## Required action:
Your task is to write out every line of the data exactly. Drop the pictures.

## Data section:
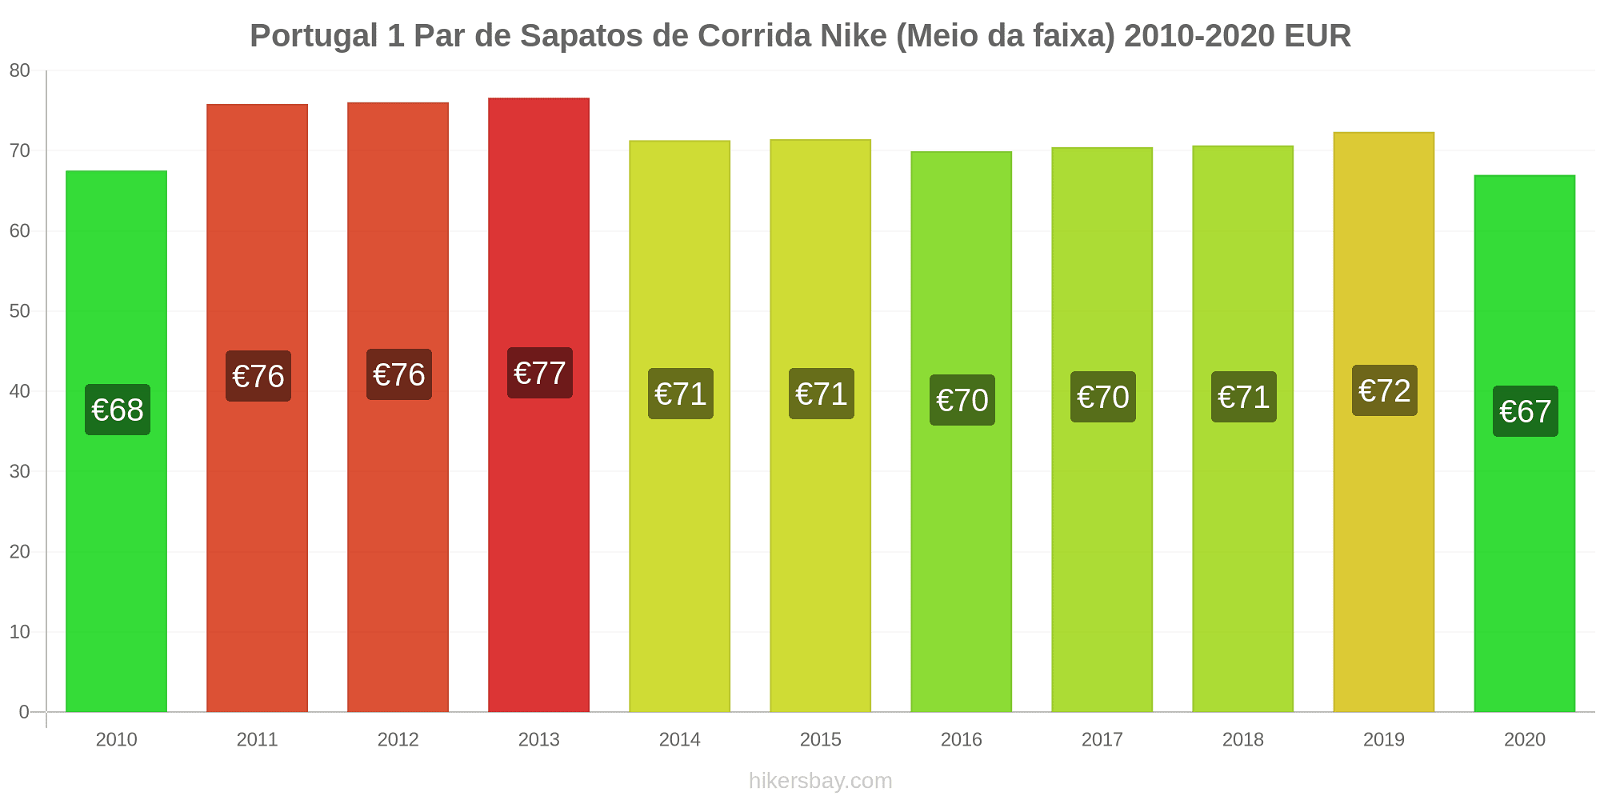 Portugal variação de preço 1 par de tênis Nike (mid-range) hikersbay.com
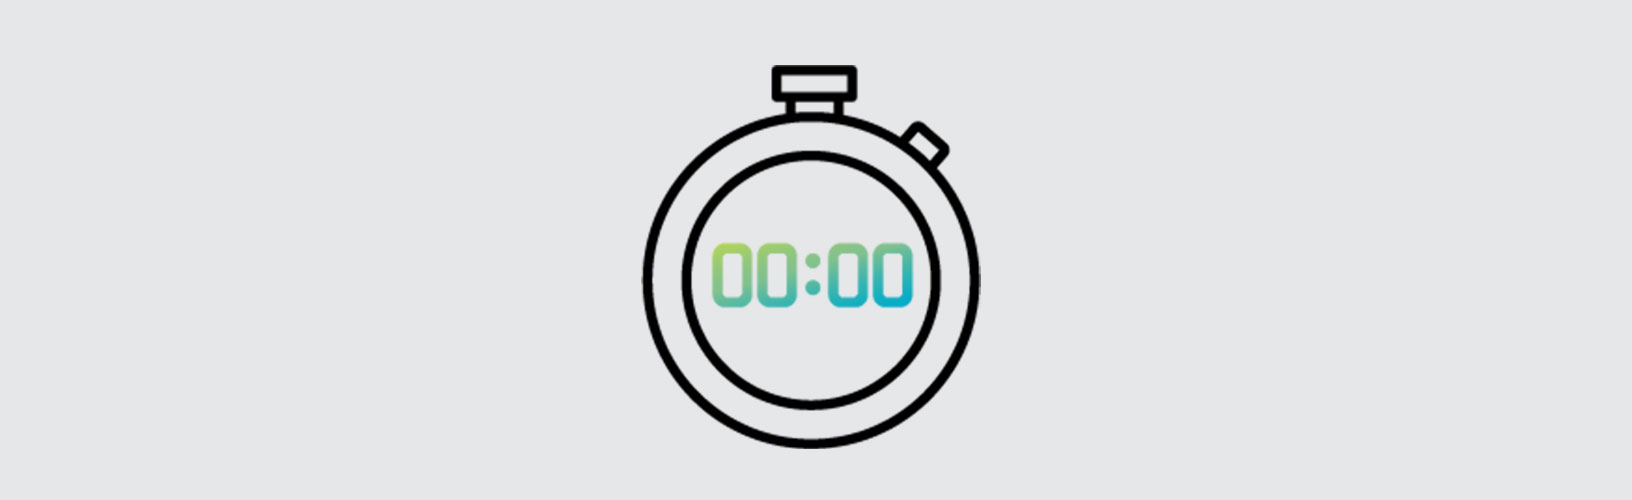 Icono de la marca Hexagon que representa un cronometraje (un cronómetro)
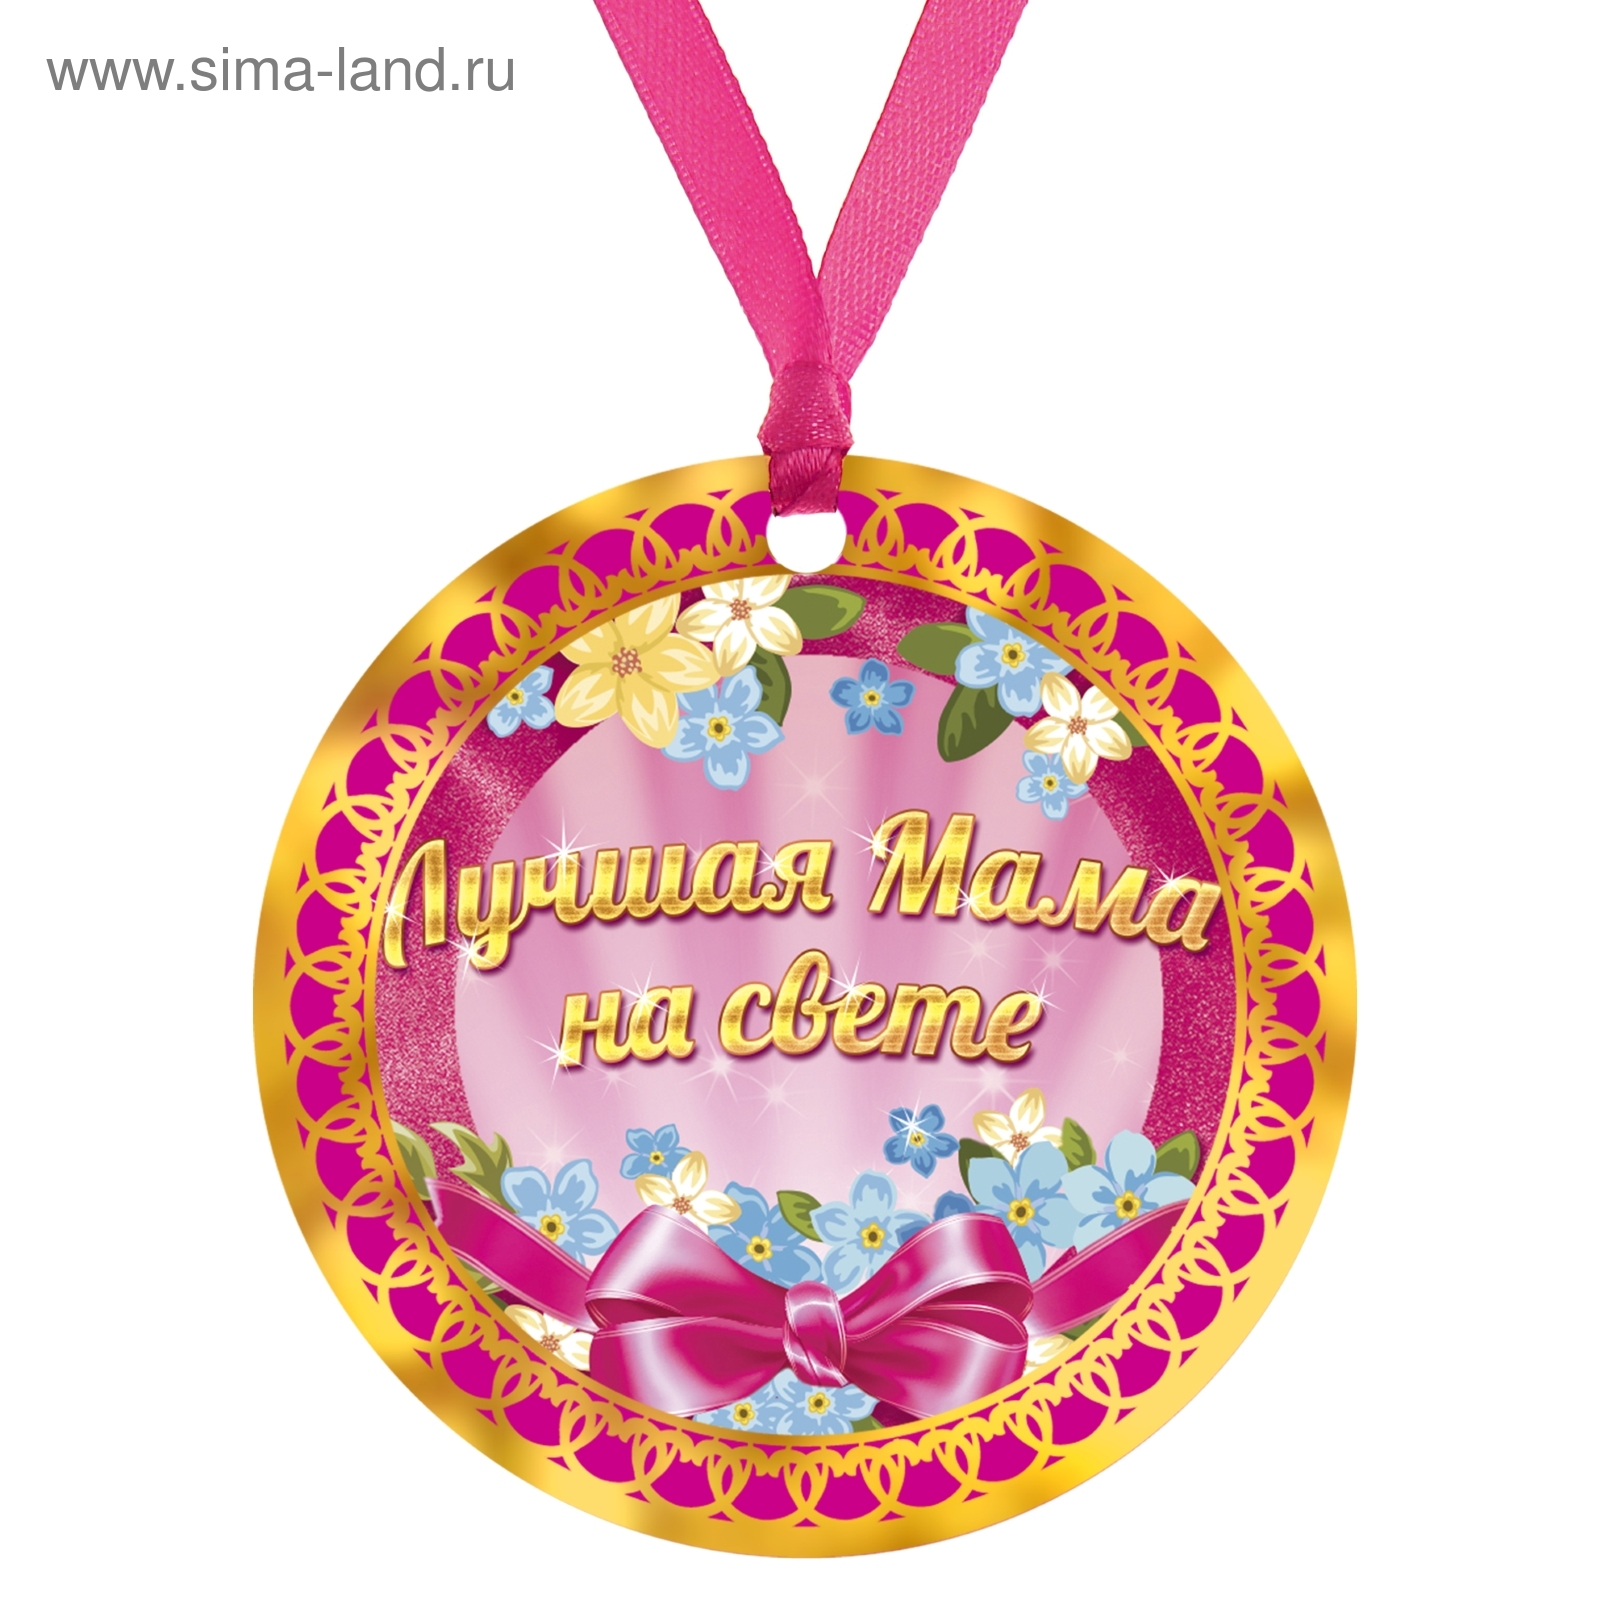 В преддверии Дня матери в Первомайском районе вручили медали Союза женщин России

## Completed exercise:
 Portugal variação de preço 1 par de tênis Nike (mid-range) hikersbay.com
 Icono de la marca Hexagon que representa un cronometraje (un cronómetro)
 В преддверии Дня матери в Первомайском районе вручили медали Союза женщин России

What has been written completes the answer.